Barry Harris is one of the last greats of that Detroit jazz scene – Kirk Lightsey, eight years younger than Harris, is another – and he is enjoying a fruitful autumn to his career. He played long articulate runs with a delicate interweaving counterpoint from Green and Brown. The highlight of the set was an extended exploration of Tea for Two. It began with miniaturist notes from Harris and gentle brush strokes from Steve Brown before an abstract tumble of piano chords took us down the rabbit hole into the land of modern jazz, with Dave Green’s thrumming bass underpinning the excursion. Barry Harris smiled at the keyboard. “That’s what you call giving the bass player a little workout,” he said.
Then the number segued into high speed cymbals and machine gun drumming from Brown with lightning Bud Powell runs from Harris. Dave Green was still getting a little workout. “You’ll never forget this Tea for Two,” said Harris, and he was right.

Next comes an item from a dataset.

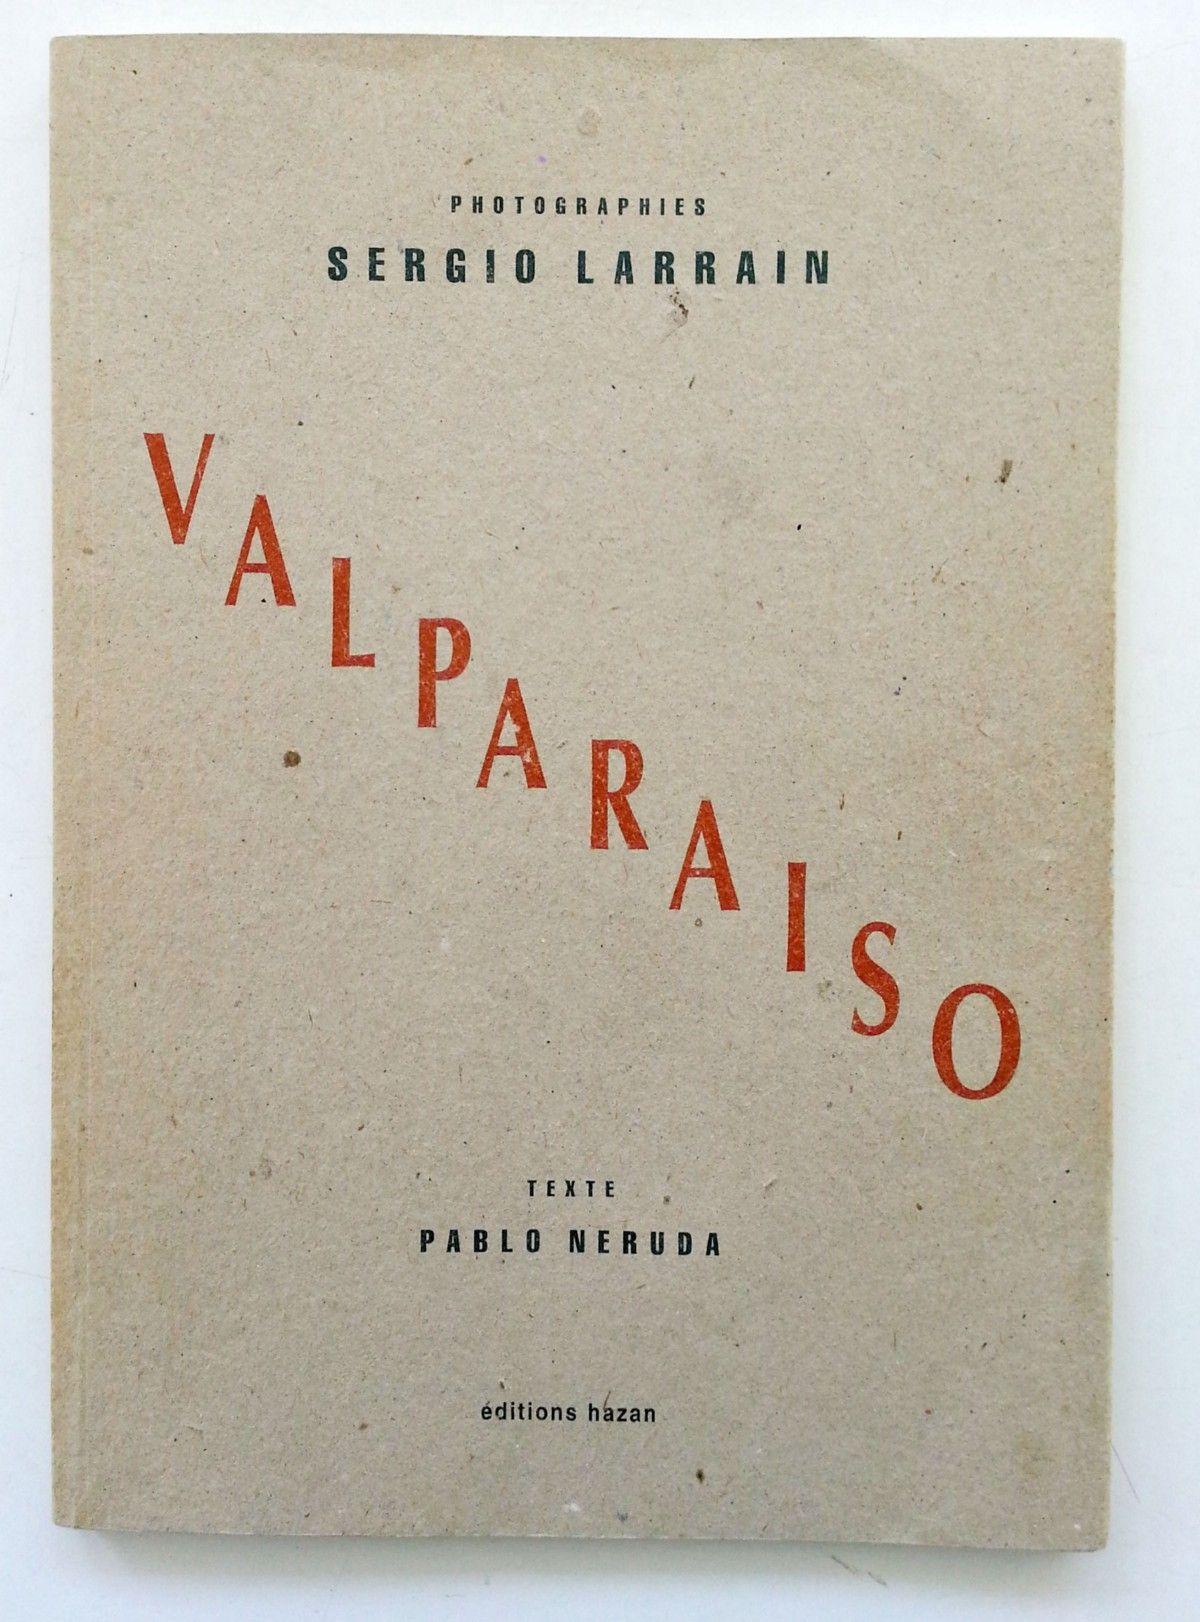 Sergio Larraín – Valparaiso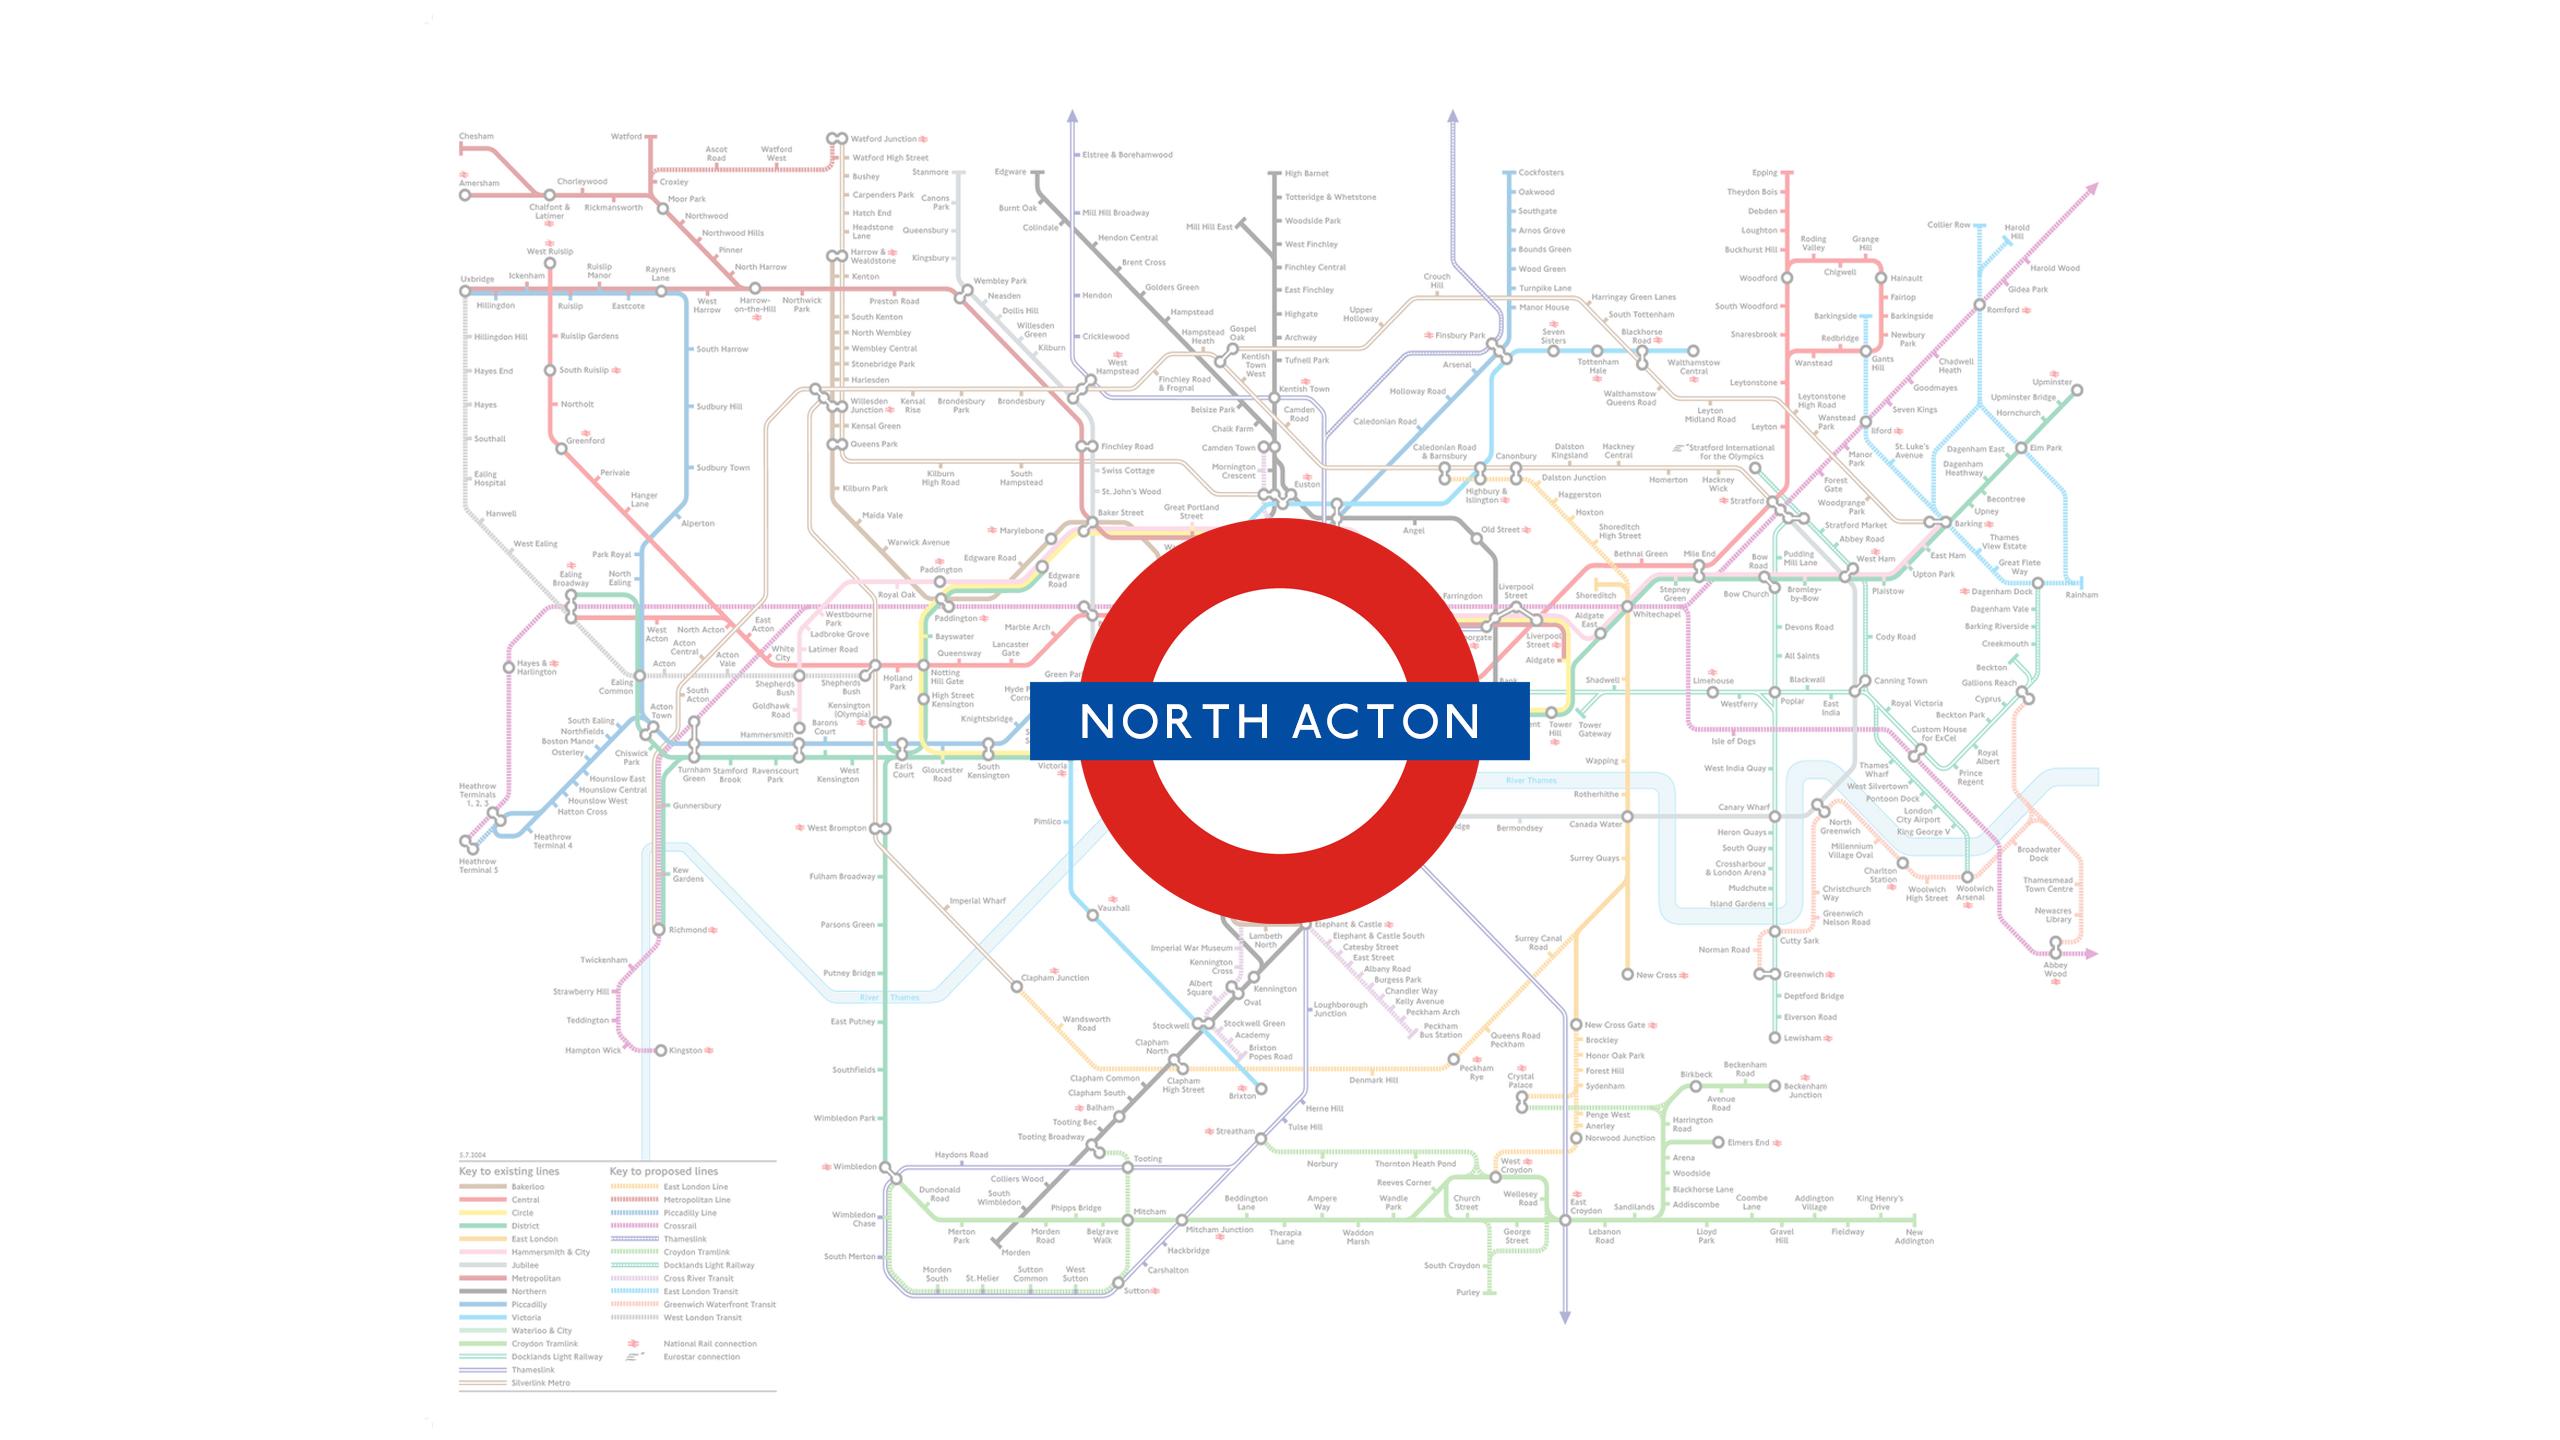 North Acton (Map)

The set also featured George Shearing’s Conception, the world’s shortest version of Salt Peanuts, and a jaunty shuffling take on My Heart Stood Still which had Dave Green and Steve Brown grinning with pleasure as they played follow the leader. “This reminds me of the At The Jazz Workshop,” said my companion blissfully.
But for me the other great standout followed immediately on Tea for Two. “This is what happened when they got through with the tea,” said Barry Harris and then he began to play A Nightingale Sang in Berkeley Square, stating the theme with great, grave beauty and purity. Steve Brown joined in with rapturous slow brushes and Dave Green played deep, warm bass. After some playful experimentation which included taking the piece at lightning tempo the trio returned to the ethereal loveliness of the melody for the ending.
There weren’t any nightingales to be heard in the hot streets of Soho after the gig, just the insistent echo of this world class music, played by a man who is one of the last of his generation but still at the top of his game.